Après ce symbolique recueillement, elle se rend en compagnie de ses amis dans un restaurant pour déjeuner. Au cours de la discussion, elle demande si les officiels ont daigné chercher après elle. La réponse négative donnée la met dans une colère noire. Alors que la veille, elle s'était déplacée au ministère de la Culture pour s'entretenir avec le ministre. Ce dernier étant absent, elle a eu une conversation avec le secrétaire général. Elle n'arrive pas à comprendre comment des artistes étrangers sont reçus à leur descente d'avion avec tous les honneurs alors que les enfants du pays sont ignorés. Elle rejoint son hôtel et fait ses bagages. Elle est décidée à rentrer chez elle en prenant le premier vol vers la France. Les supplications des uns et des autres ne donneront pas leurs fruits. Elle a effectivement pris, hier (15 août 2001), un vol à 15h30 pour ne plus revenir dans son pays, sans prendre son cachet.

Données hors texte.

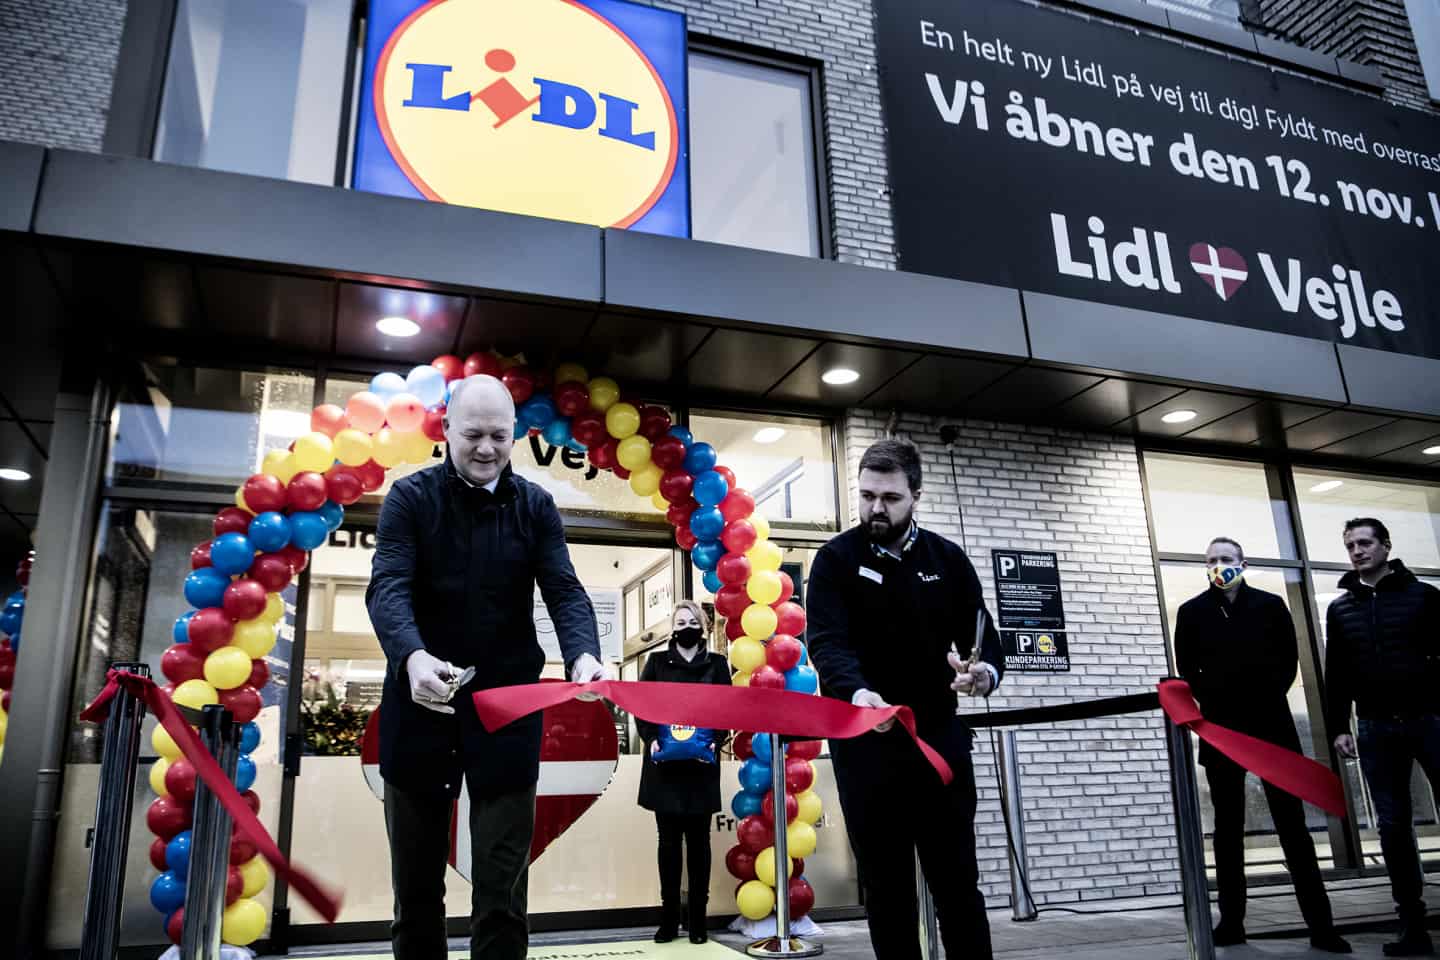 Lidl har åbnet sin 132. butik - er det en butik for fremtiden | vafo.dk

Oui, cette dame au grand coeur a refusé d'encaisser son dû. Ce geste humain prouve, on ne peut mieux, que Cheikha Rimitti est une femme à principes pour qui la dignité n'a pas de prix. Cheikha Rimitti est frileuse avec la presse. Nous l'avons sollicitée à deux reprises pour un entretien. Elle a catégoriquement refusé. Elle nourrit une rancoeur absolue sur la presse étrangère, vu les écrits mensongers et obscènes qui ont été publiés à son sujet. Pour le directeur de Rayane production, M. Bouhrour, "peut-être que le bonheur des gens embête les autres. Nous avons donné un concert sublime au public. Nous aurions aimé que les autorités compétentes la considèrent à sa juste valeur. Il est anormal qu'une telle dame revienne dans son pays dans l'anonymat, alors qu'une chanteuse orientale est reçue au salon d'honneur de notre aéroport. "

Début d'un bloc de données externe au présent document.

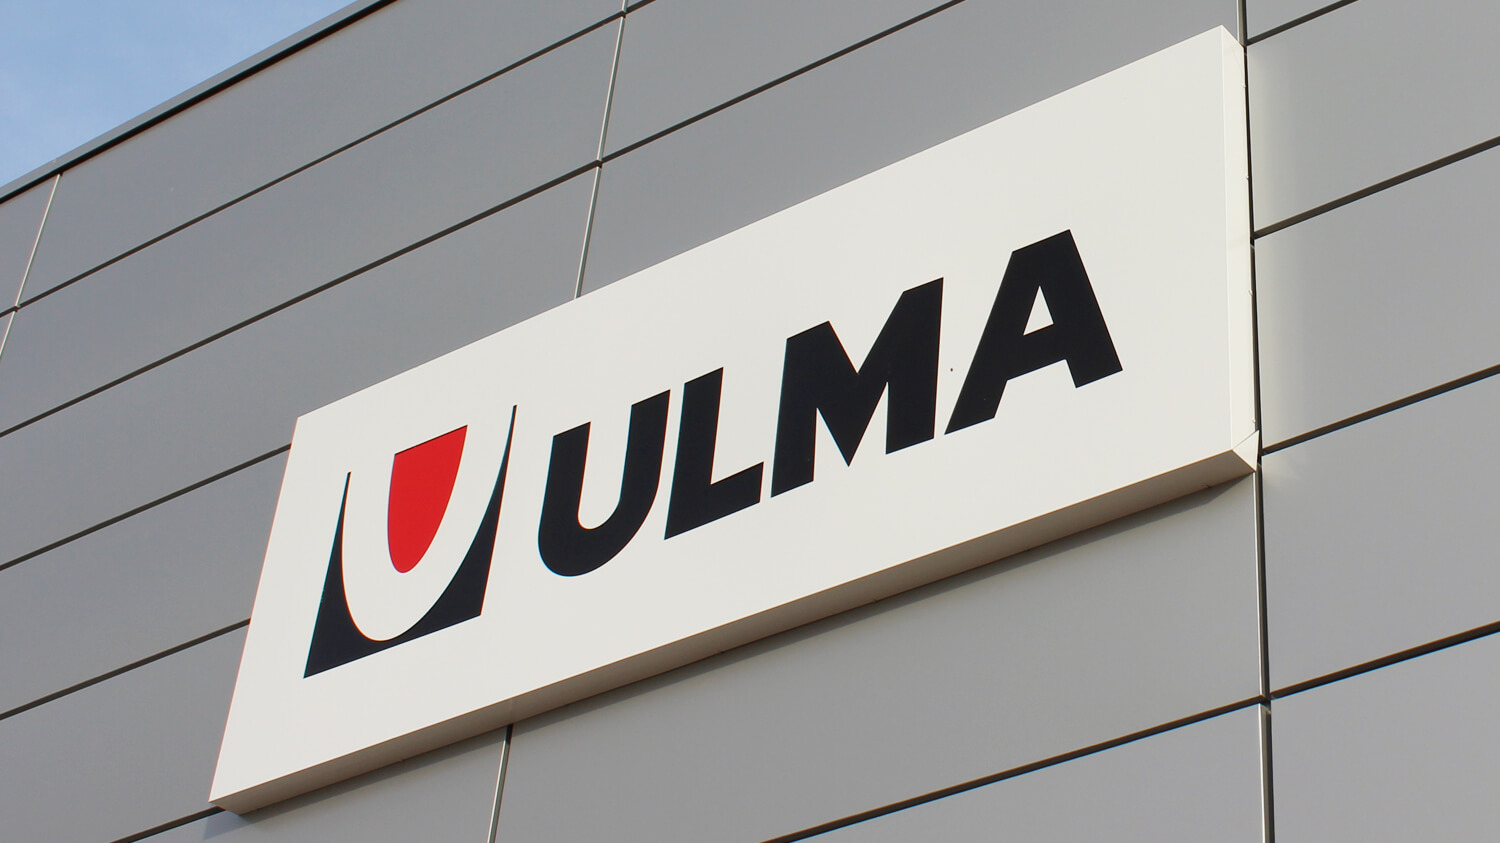 ULMA - pannelli luminosi - ULMA - scatola luminosa pubblicitaria con nome e logo della società

En dépit de la bêtise humaine et le lèse-majesté des autorités compétentes, Cheikha Rimitti est et restera un monument et une référence de la musique raï. Ses fans seront, quant à eux, toujours présents pour lui témoigner admiration et reconnaissance. Bref, Cheikha Rimitti aura exprimé son ras-le-bol comme elle l'a déjà fait dans sa célèbre chanson "J'en ai marre, j'en ai marre". Et comme elle dis si bien "Bghit ana sahra" ( moi, je voudrais une soirée au bled ).